Job SummaryWe have an exciting opportunity for an Information Systems Security Officer (ISSO) to join our Security Classification team. This position is located in Acton, MA.
With limited direction, this position exercises considerable latitude in monitoring, evaluating and administering system compliance with information technology (IT) security requirements to ensure company, regulatory and customer requirements are met.
DUTIES AND RESPONSIBILITIES:- Assists leadership in interpreting regulations as they apply to information systems, platforms, and IT operating processes, practices and procedures.
- Develops or modifies the classified computing environment to comply with information security plans and requirements.
- Assists in development of System Security Plans, instructions, guidance, and standard operating procedures.
- Performs system and platform audits; analyzes results and provides reports to management.
- Provides architectural analysis of cybersecurity features and relates existing systems to future needs and cybersecurity trends.
- Identifies risks and recommends/implements improvements; ensures corrective measures are taken when incidents or vulnerabilities are discovered.
- Maintains knowledge of applicable policies, regulations, and compliance documents related to classified computing assets and environments.
- Represents the organization as a senior cybersecurity contact with internal and external representatives.
- Integrates security requirements (e.g. DISA STIGs) into new architectures or adapts them to existing solutions.
- Maintains the strict confidentiality of sensitive information.
- May serve as technical lead during incident response situations.
Additionally, will serve as the Assistant Facility Security Officer (AFSO):- Prior AFSO experience preferred, but not required as training will be provided by the FSO
- Provides limited support to the Facility Security Officer (FSO) in administering security programs in accordance with company and government requirements
- Assists in handling and safeguarding classified materials, ensuring all procedures comply with applicable regulations.
- Helps implement and maintain security plans, visitor control procedures, and access control systems.
- Maintains accurate access and alarm records, and assists with audits or inspections as required.
- Ensures compliance with 32 CFR Part 117 (NISPOM Rule) and other relevant security regulations.
- Performs other duties as assigned.
- Responsible for observing all laws, regulations and other applicable obligations wherever and whenever business is conducted on behalf of the Company.
- Expected to work in a safe manner in accordance with established operating procedures and practices.
Job Qualifications- Typically requires a bachelors degree in a related discipline and six or more years of progressive professional experience in information assurance or a related field. Equivalent professional experience may be substituted in lieu of education.

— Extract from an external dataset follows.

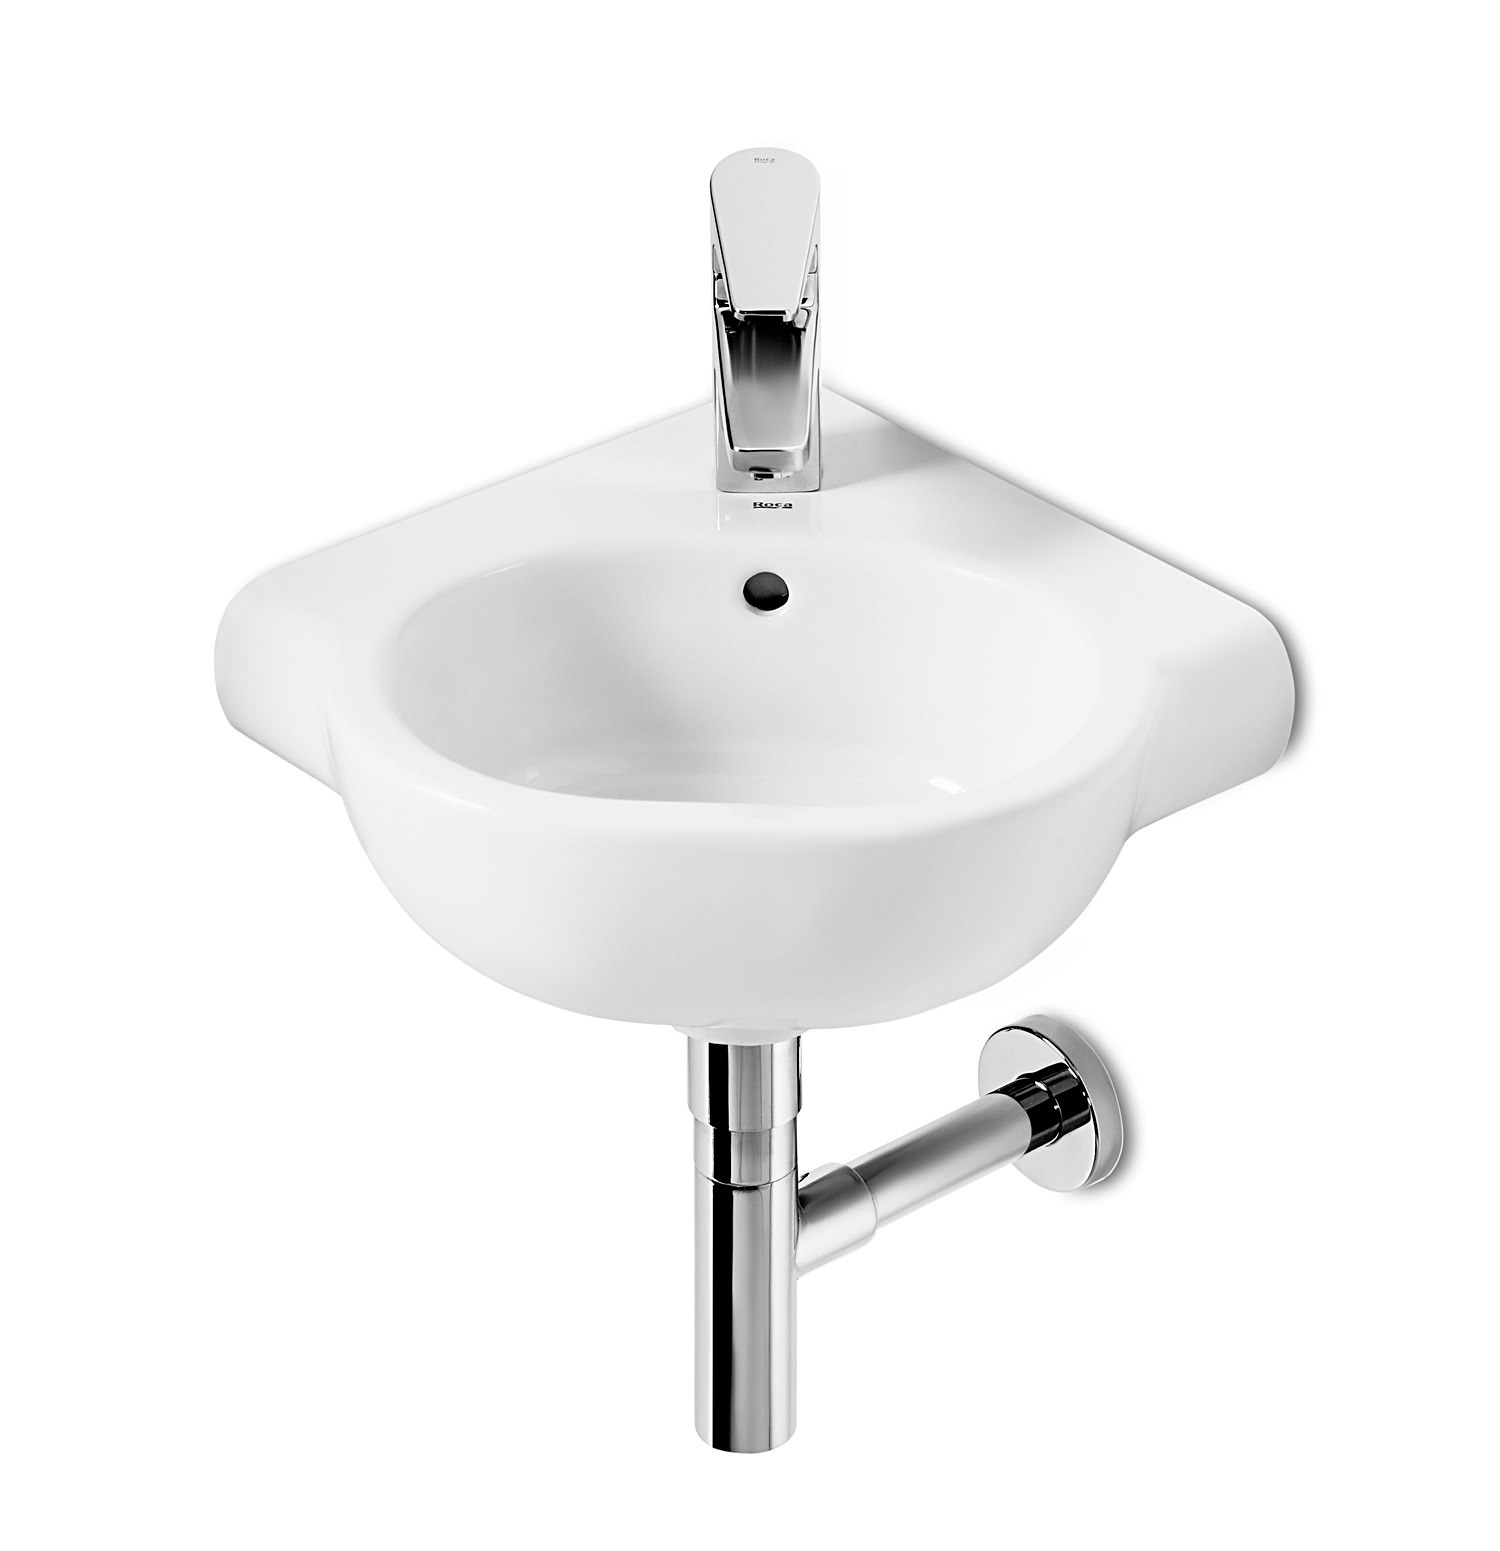 Compact Corner Basin : ... basins corner basins roca meridian n compact corner basin 350mm wide

- Must possess and maintain an active DoD Secret security clearance.
- Must maintain DoD 8570 IAM Level I (e.g. Security +) professional certification as required by customers or contractual obligations.
- Experience with IC DoD policy such as Risk Management Framework and Joint SAP Implementation Guide.
- Operational experience with installing, troubleshooting, and auditing Windows desktop & server operating systems.
- Experience with DISA STIGs, SCAP tool, ACAS.
- Experience installing and troubleshooting common x86-based computer hardware.
- Must demonstrate a general understanding of information assurance principles, theories, concepts and techniques.
- Must have experience organizing, planning, scheduling, conducting, and coordinating work assignments to meet project milestones or established completion dates.
- Must possess the ability to understand new concepts quickly and apply them in an evolving environment while contributing to the development of new processes.
- Must be customer focused and possess:
- the ability to identify issues, analyze data and develop solutions to a variety of problems;
- good analytical, verbal and written communication skills to accurately document, report, and present findings;
- excellent interpersonal skills enabling an effective interface with other professionals; and
- solid computer skills.
- Ability to work independently or in a team environment is essential as is the ability to work extended hours as required.